Nondeterminism monad in Python

started 2025-11-10 at 17:17 EST | updated 2025-12-21 at 16:49 EST | written in Maryland and NYC

This post contains some fairly lengthy exposition; if you want to skip right to the content promised by the title, go to ## General nondeterminism with generators

Many of the most curious and useful features of functional programming languages like Haskell derive from their ability (often unencumbered by the norms and constraints of industrial software engineering) to restate common algorithmic problems in novel ways – i.e., to perform a change of basis into a domain more suited to the problem. One such frame shift (or rather, category of such) is widely known as declarative programming (as opposed to imperative programming, for example), and concerns programming languages, libraries, and techniques based on stating the problem domain or constraint system, as well as the desired objective or target (the “what”), at a high level and leaving the low-level algorithmic details to the optimizer or runtime (the “how”). In some cases this may take the form of a domain-specific optimization or constraint solving library; other times it is integrated more tightly with a language’s semantics and execution model.

One self-contained and useful tool from this paradigm is “nondeterminism” (this is a somewhat overloaded term, but in this case I am not talking about the kind of nondeterminism that people mention with respect to e.g., reproducibility of software artifacts or experiments). The premise is that we delineate the ways in which a program can branch or the alternatives to be selected between (potentially with nesting, recursion, and other complications) and search/“solve” for some solution among the set of possible paths or choices. That is to say, the nondeterminism interface should abstract away the construction of the search space and execution of the search procedure to some extent; the programmer need only be concerned with which choices are available and how they interact (e.g., how state evolves over time depending on the branch taken at each step).

The classical implementation of this scheme is described in chapter 4.3 of the well-known Structure and Interpretation of Computer Programs: McCarthy’s amb (“ambiguous”) operator, usually implemented in Lisp. I will omit the details of the implementation since there are decent explanations elsewhere, but the idea rhymes with what I’ve described above: we consider “splitting” execution into different paths corresponding to available combinations of initial values, and return results only from the path (or paths) where execution “succeeded” (some specified criteria was met).

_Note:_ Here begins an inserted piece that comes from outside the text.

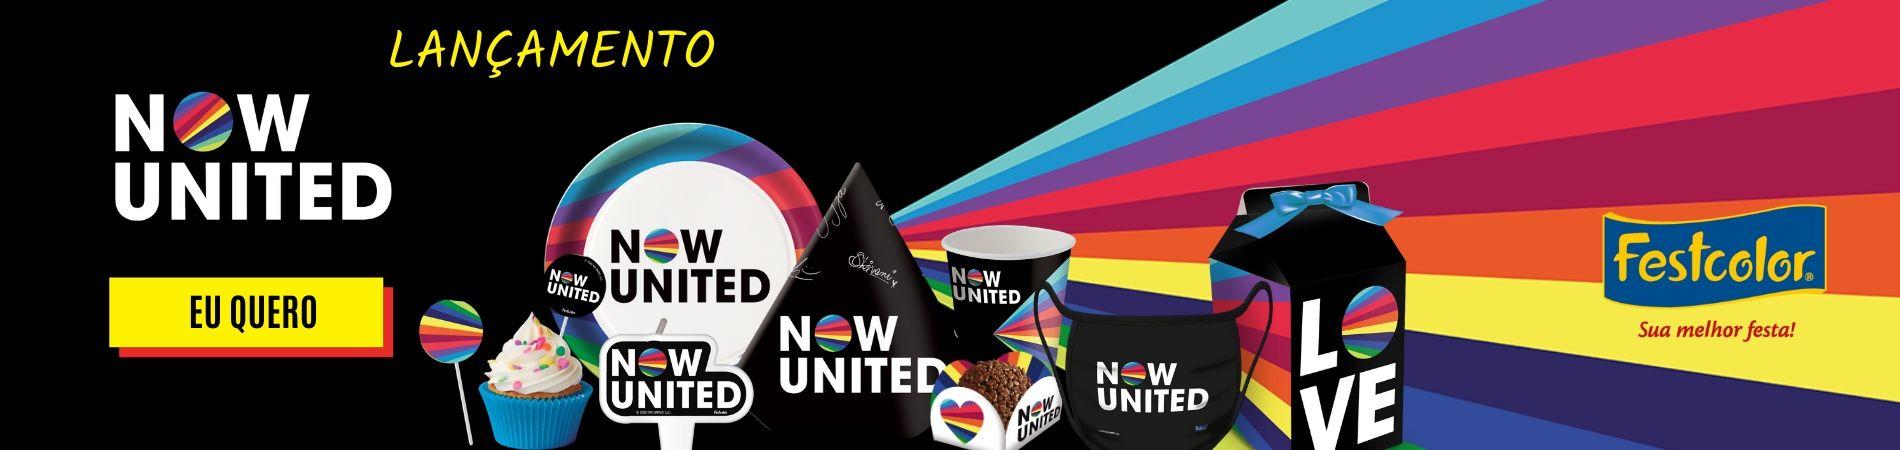 Festa Now Unit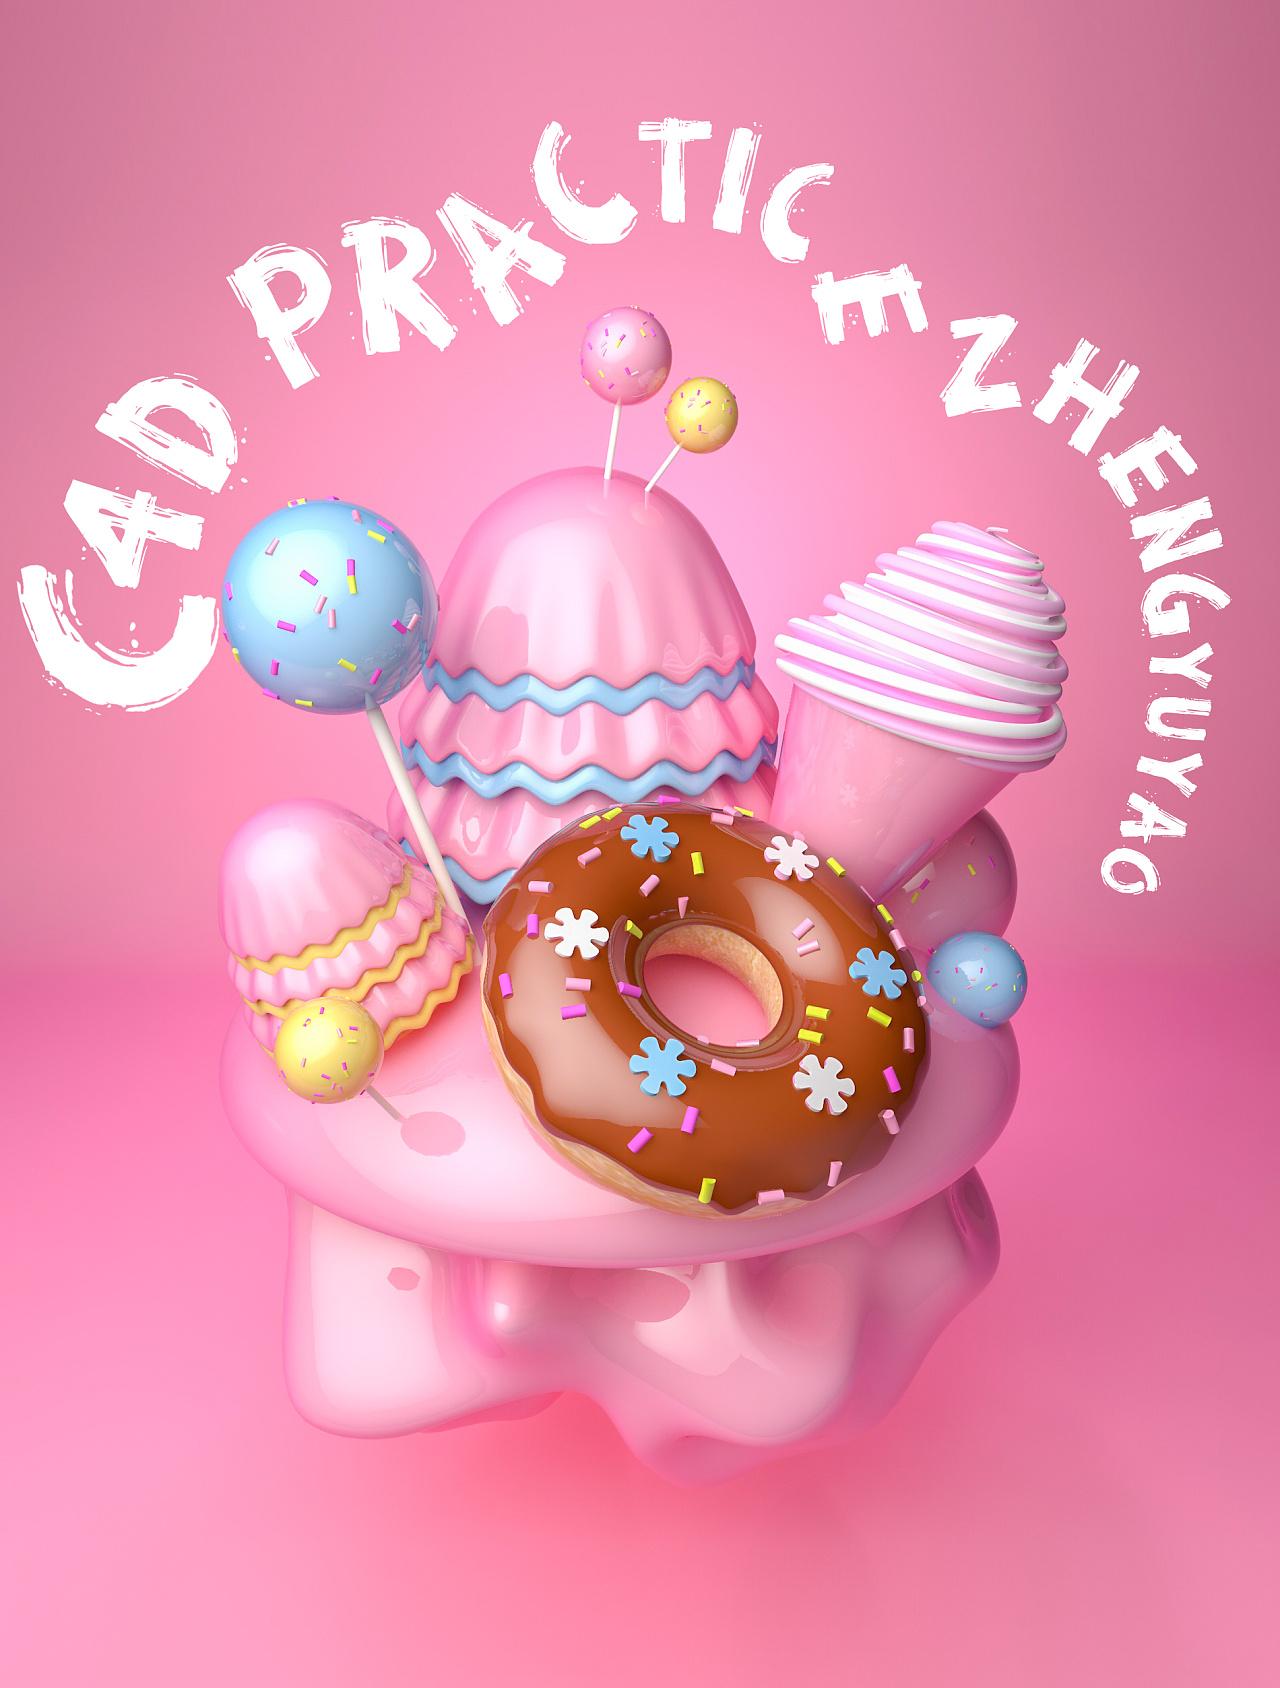 c4d练习甜品食物-甜甜圈-冰淇淋-棒棒糖

Nondeterminism in the list monad ¶

Haskell has what I would consider a somewhat more principled implementation of nondeterminism using monads. In particular, the built-in list type forms a monad, with \xs f -> concat (map f xs) as the >>= (bind) operation (and the singleton list constructor, i.e., return x = [x], as return/pure). This means that the resulting list will be constructed by passing each element in xs to f to yield a new list, then concatenating the results:

ghci> [1, 2, 3] >>= (\x -> [x * 2, x * 3])
[2,3,4,6,6,9]

(see this Wikibooks entry for a more detailed explanation)

As you may expect, this means that we can stack multiple “branching” operations to recursively expand every possible path:

ghci> [1, 2, 3] >>= (\x -> [x * 2, x * 3]) >>= (\y -> [y + 4, 0])
[6,0,7,0,8,0,10,0,10,0,13,0]

The equivalent code in do-notation looks like this:

xs = do
    x <- [1, 2, 3]
    y <- [x * 2, x * 3]
    z <- [y + 4, 0]
    return z

Perhaps now it is clear how this is useful: we can trivially iterate over all combinations of choices for x, y, and z merely by specifying what the choices are, foregoing cumbersome and less-than-composable combinatorics logic. If you’re familiar with Haskell’s list comprehension notation, this is indeed syntax sugar for the list monad:

ghci> [((x, y), x * y) | x <- [1, 2, 3], y <- [4, 5, 6]]
[((1,4),4),((1,5),5),((1,6),6),((2,4),8),((2,5),10),((2,6),12),((3,4),12),((3,5),15),((3,6),18)]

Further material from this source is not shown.